Sullivan began his legal career in New Orleans, Louisiana as a law clerk for Judge John Minor Wisdom of the United States Court of Appeals for the Fifth Circuit. In 1976 he joined the law firm Jenner & Block in their Chicago office and was promoted to partner in 1981.

Sullivan primary focus was constitutional, administrative and private law issues. He was very active in Appellate and Supreme Court litigation. Sulivan also served as an assistant to the Solicitor General of the United States in 1980 and 1981.

== Education career ==

In 1994 Sullivan accepted the position of dean of the Washington and Lee University School of Law. In addition, in 1998 and 1999 he served as vice president of the university. Sullivan has held a number of other academic positions including Senior Lecturer in the Irving B. Harris Graduate School of Public Policy Studies at the University of Chicago, a visiting professor of law at Northwestern University School of Law, and a visiting law fellow of the University of London.
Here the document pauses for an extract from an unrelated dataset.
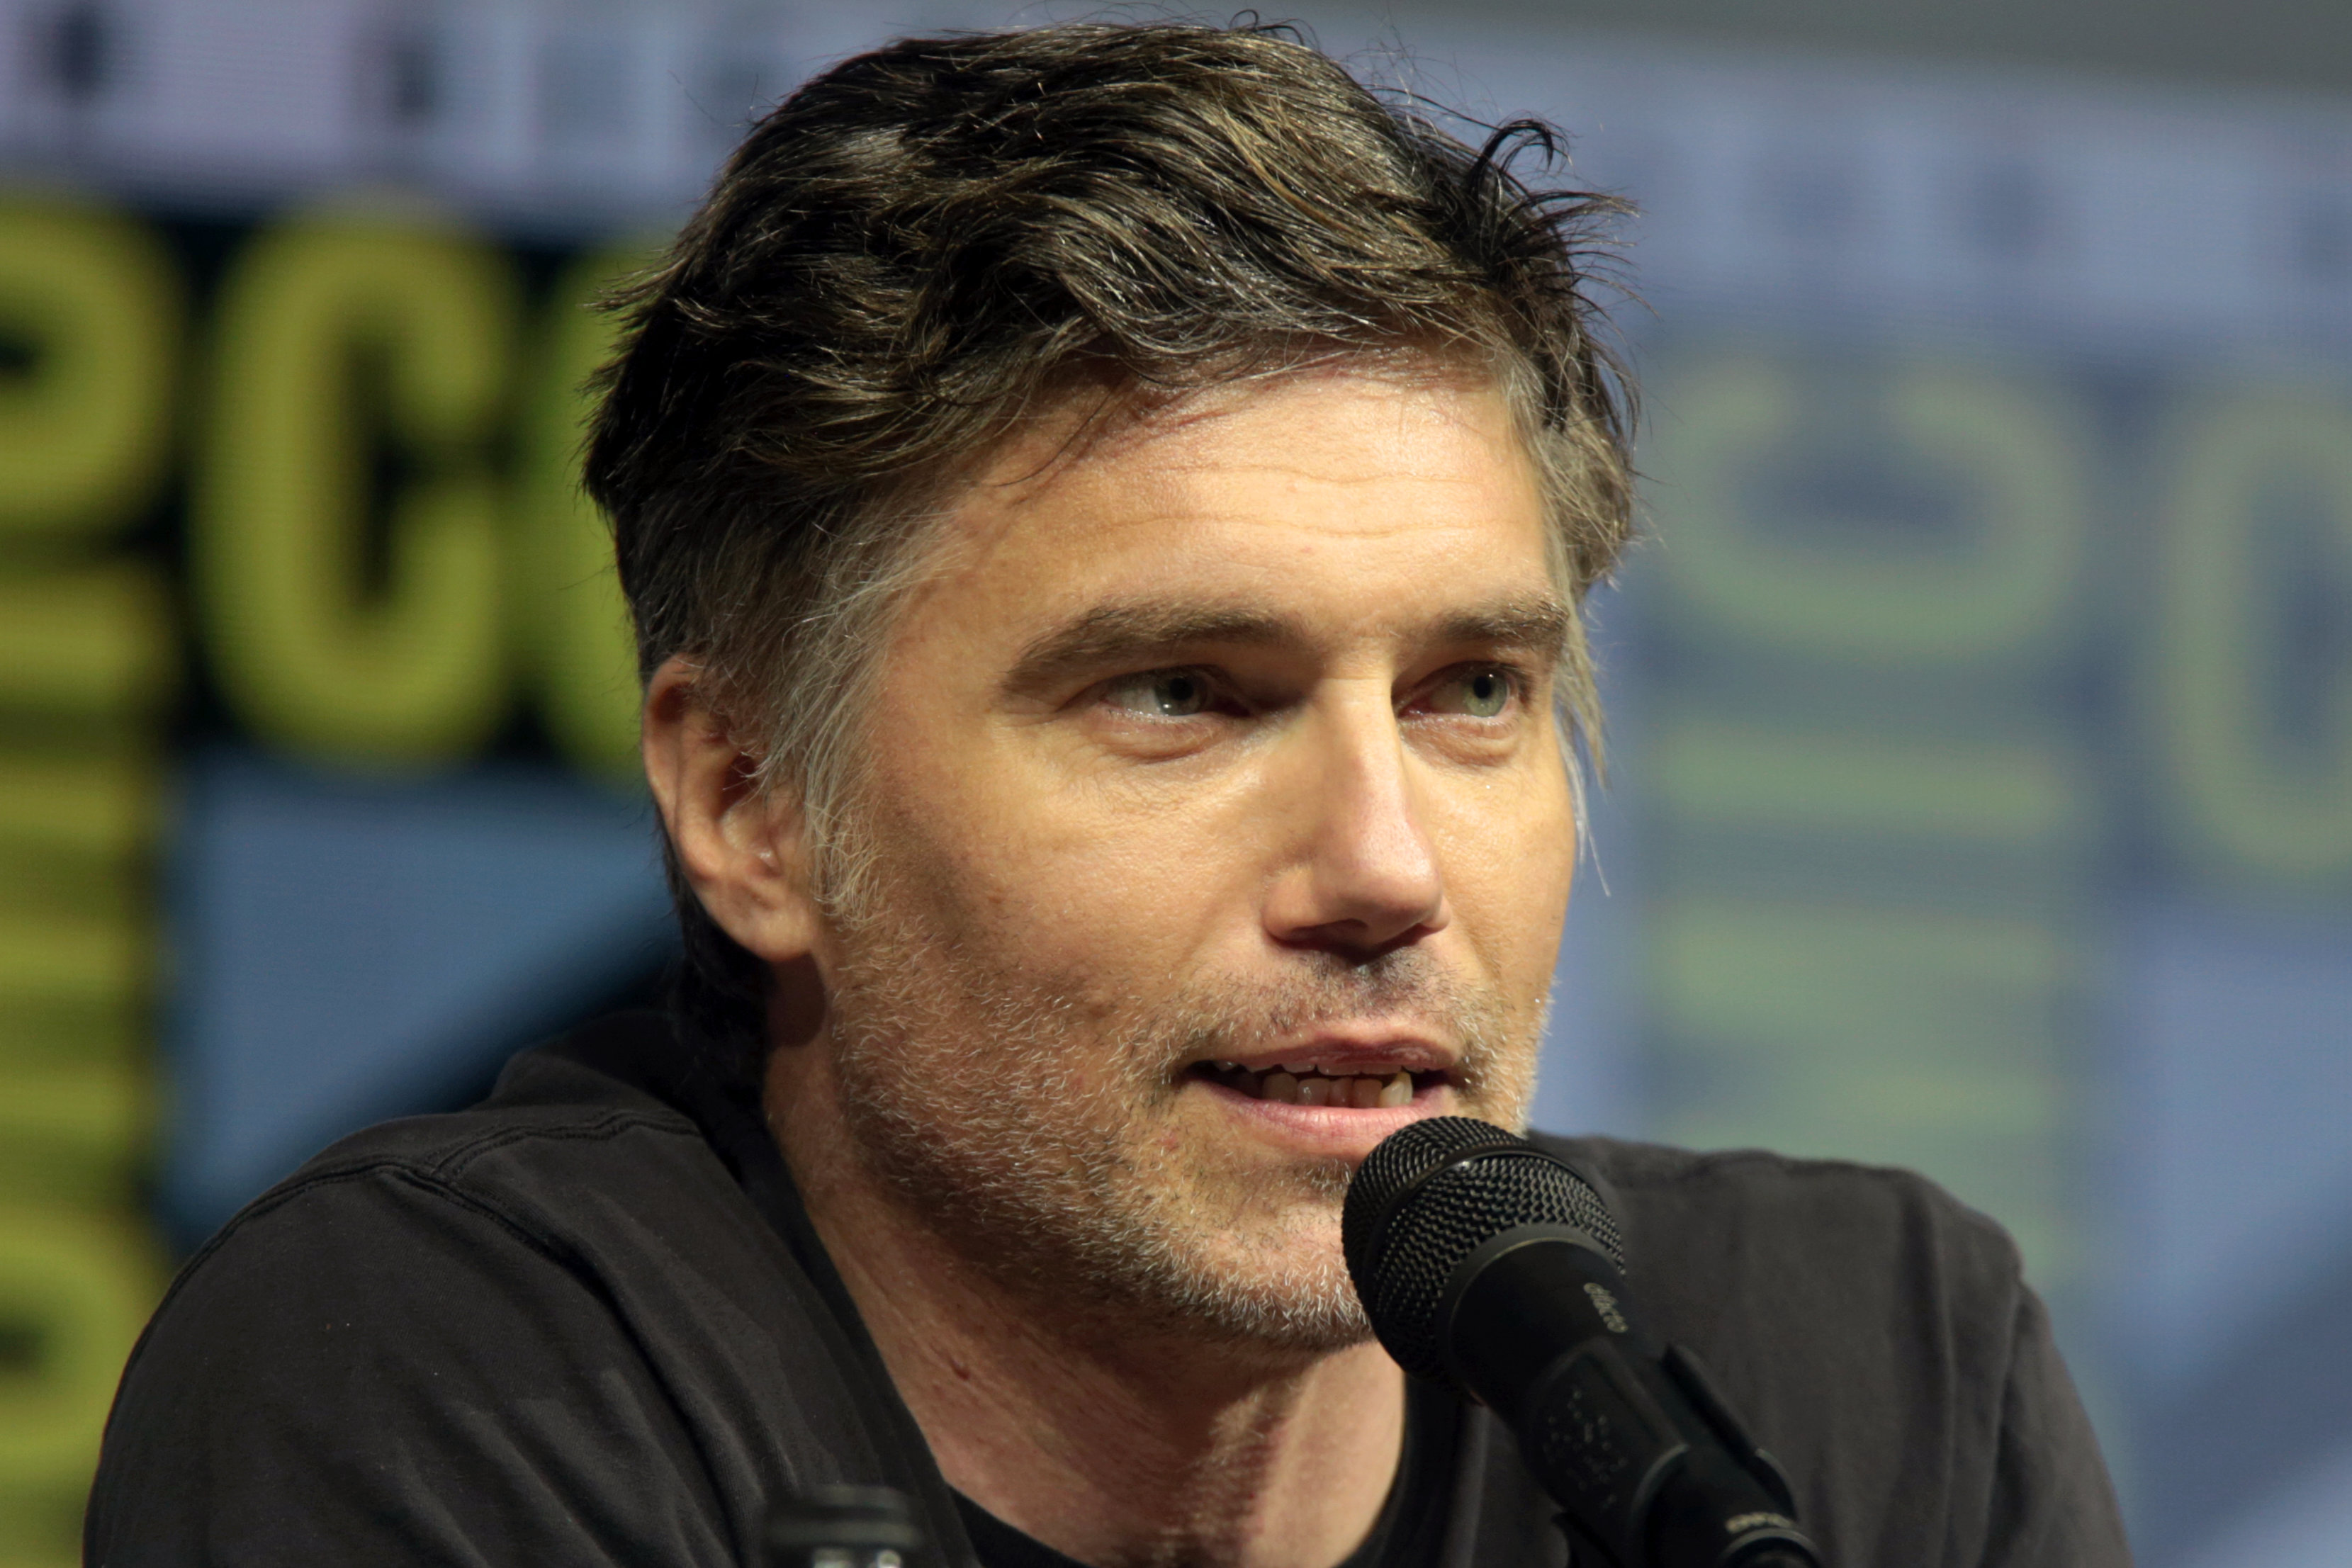 Anson Mount (Photo: CC BY-SA 2.0 Gage Skidmore)
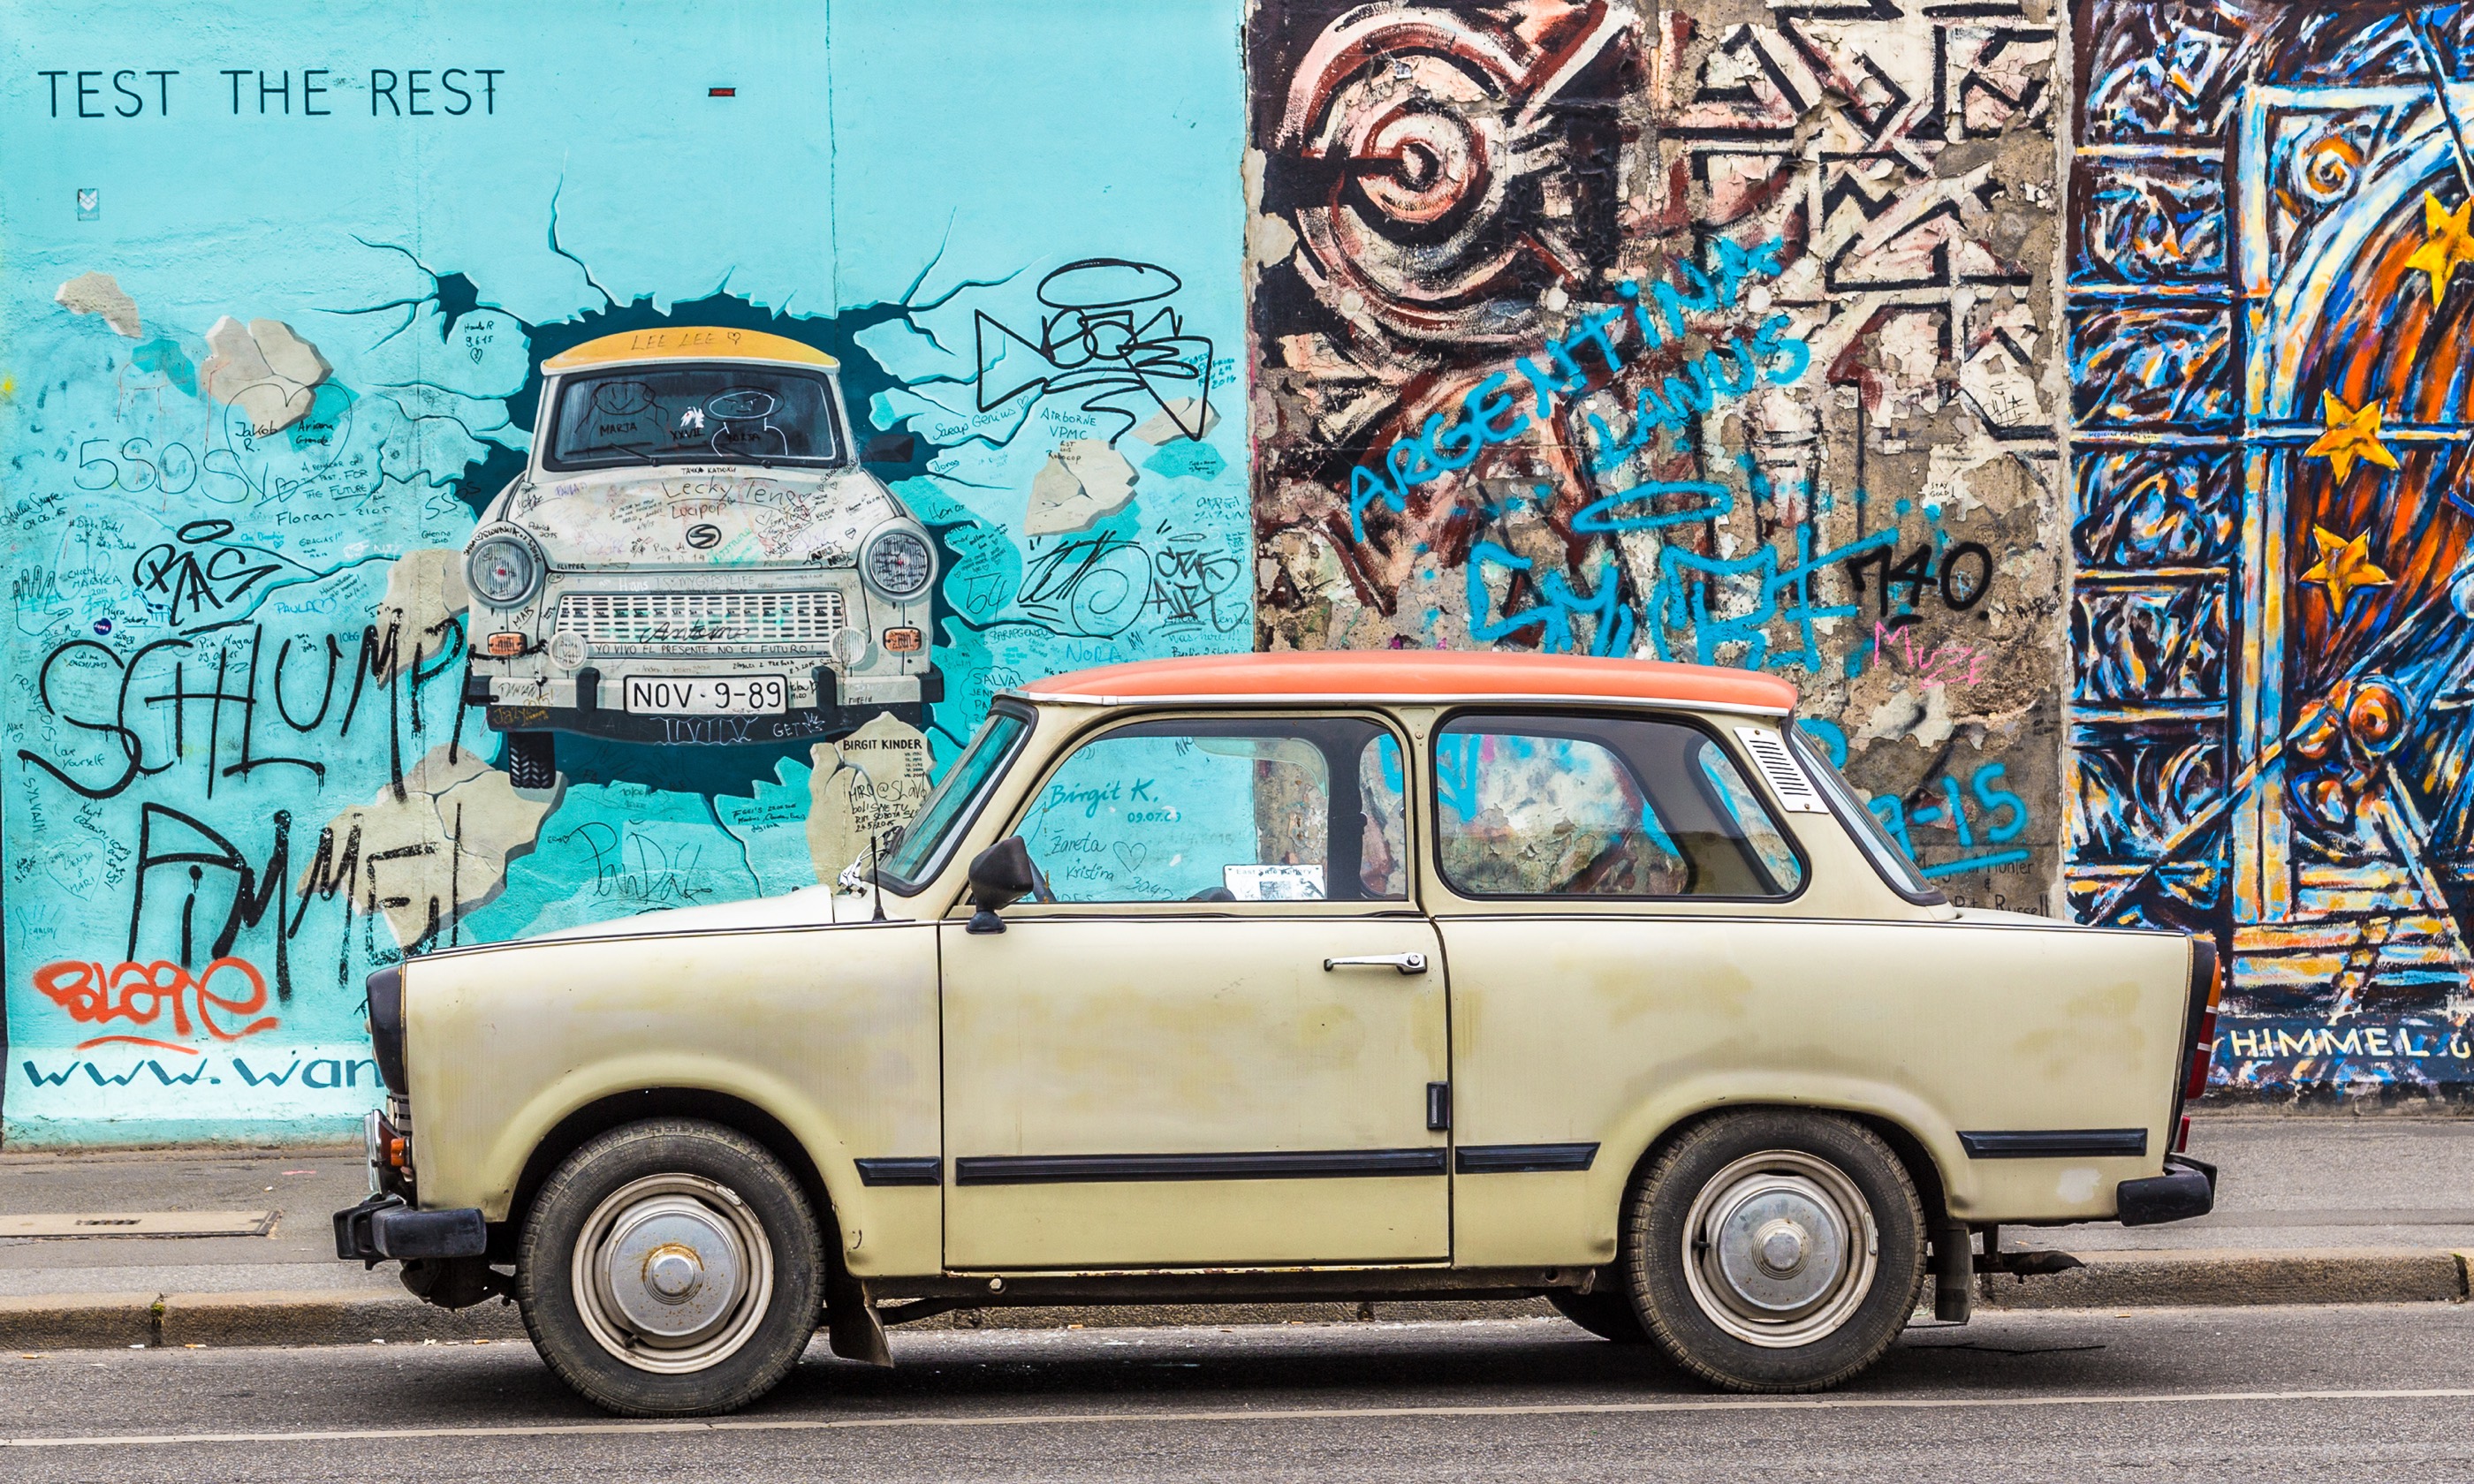 Trabant in front of the Berlin Wall (Shutterstock.com)

He is the holder of the Cooney & Conway Chair in Advocacy at Loyola University Chicago School of Law.

Sullivan has done extensive academic writing in the areas of administrative and constitutional law, employment law, appellate practice, and the legal profession. His work has appeared in many journals in the United States and Europe including Northwestern Law Review, the Notre Dame Law Review, the Yale Law Journal, the Warsaw University Law Review, and the University of Chicago Law Review. Sullivan is a "Life Member" of the American Law Institute.

== Professional organizations ==
Sullivan has been very active in the American Bar Association serving as chair, Coordinating Committee on AIDS, 1988–1994; chair, Committee on Professionalism, 1999–2000; co-chair, Amicus Briefs Committee, 2002–2004; co-chair, Bill of Rights Committee, 2002–present and as a member of numerous other committees and sections. He also served as vice-chairman on the Committee on the Administration of Justice in the Seventh Circuit Bar Association from 1985 to 1986.

Sullivan is a member of the visiting committee to the Irving B. Harris Graduate School of Public Policy Studies of the University of Chicago, of the Advisory Board of the International Human Rights Institute of DePaul University, and of the National Advisory Board of the Center for Religion, the Professions and the Public at the University of Missouri, and of the Board of Visitors of Southern Illinois University School of Law. He is a member of the Fellows of Phi Beta Kappa and of the American Bar Foundation. He was a trustee of Catholic Theological Union from 1993 to 2003, a member of the visiting committee to the University of Chicago Divinity School from 1987 to 2001, and a member of the board of the University of Chicago’s Court Theatre from 2003 to 2005.

== Publications ==

Sullivan has published a number of professional and academic works in both the United States and Europe in journals such as "The Trial Lawyers Guide", "Dublin University Law Journal", West Virginia Law Review, and Warsaw University Law Review.

== Community ==

In 1995 and 1996 Sullivan was a Consultant to the Government of Ireland for the Commission on the Status of People With Disabilities. During the period 2003-2005, he was a member of the Board of Trustees of Court Theatre at University of Chicago. Sullivan was also a member of the Legal Review and Advisory Panel of the National Leadership Coalition on AIDS from 1992 to 1998.